---------- GIVEN DATA

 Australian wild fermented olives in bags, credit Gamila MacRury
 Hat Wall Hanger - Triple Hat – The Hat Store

--------------------
---------- GIVEN DATA

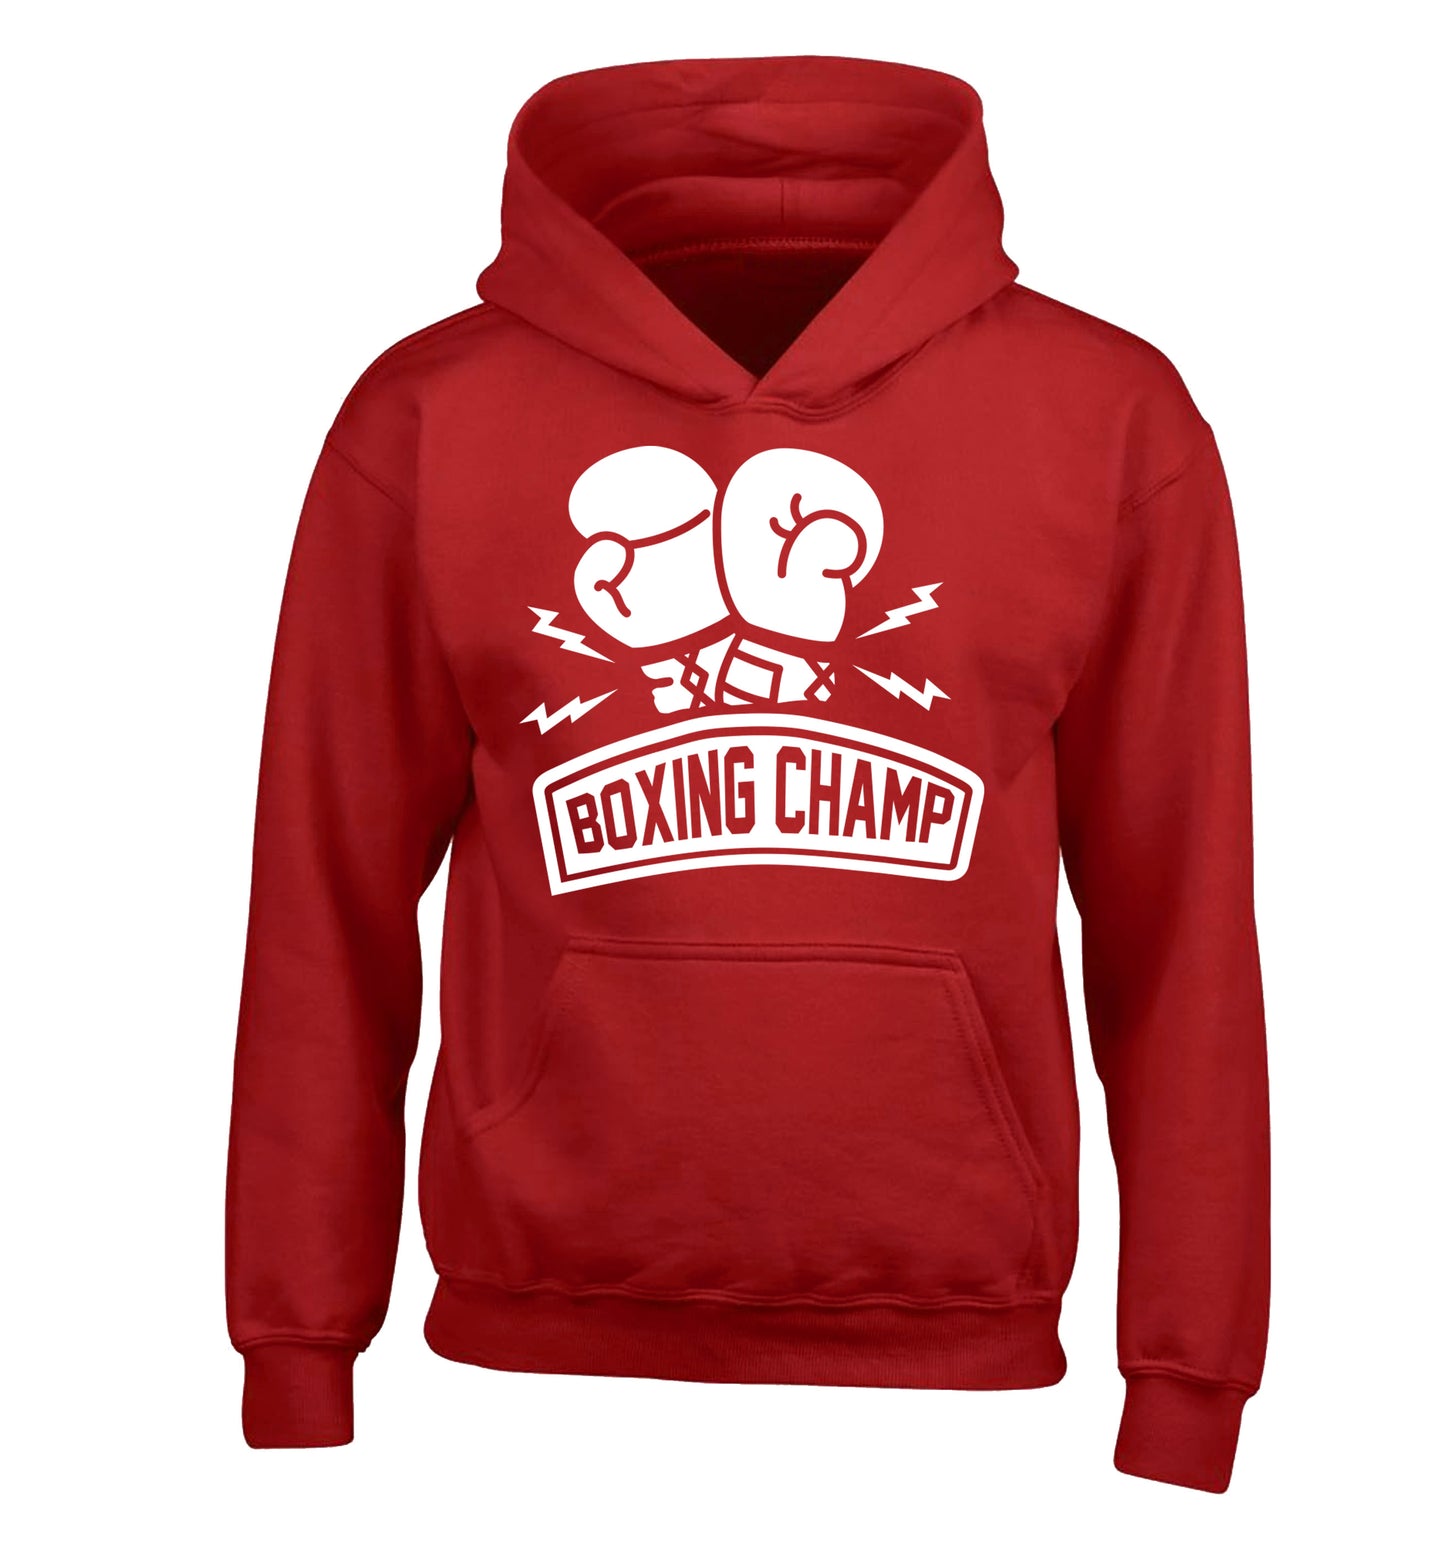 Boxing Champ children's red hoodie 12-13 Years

--------------------

* _YOUR ASSIGNMENT_
Lines to set down from above: the line with "Australian wild fermented", the line with "Hat Wall Hanger - Triple Hat – The Hat Store", and every line between, each exactly as written.

* _EXERCISE SOLUTION_
 Australian wild fermented olives in bags, credit Gamila MacRury
 Hat Wall Hanger - Triple Hat – The Hat Store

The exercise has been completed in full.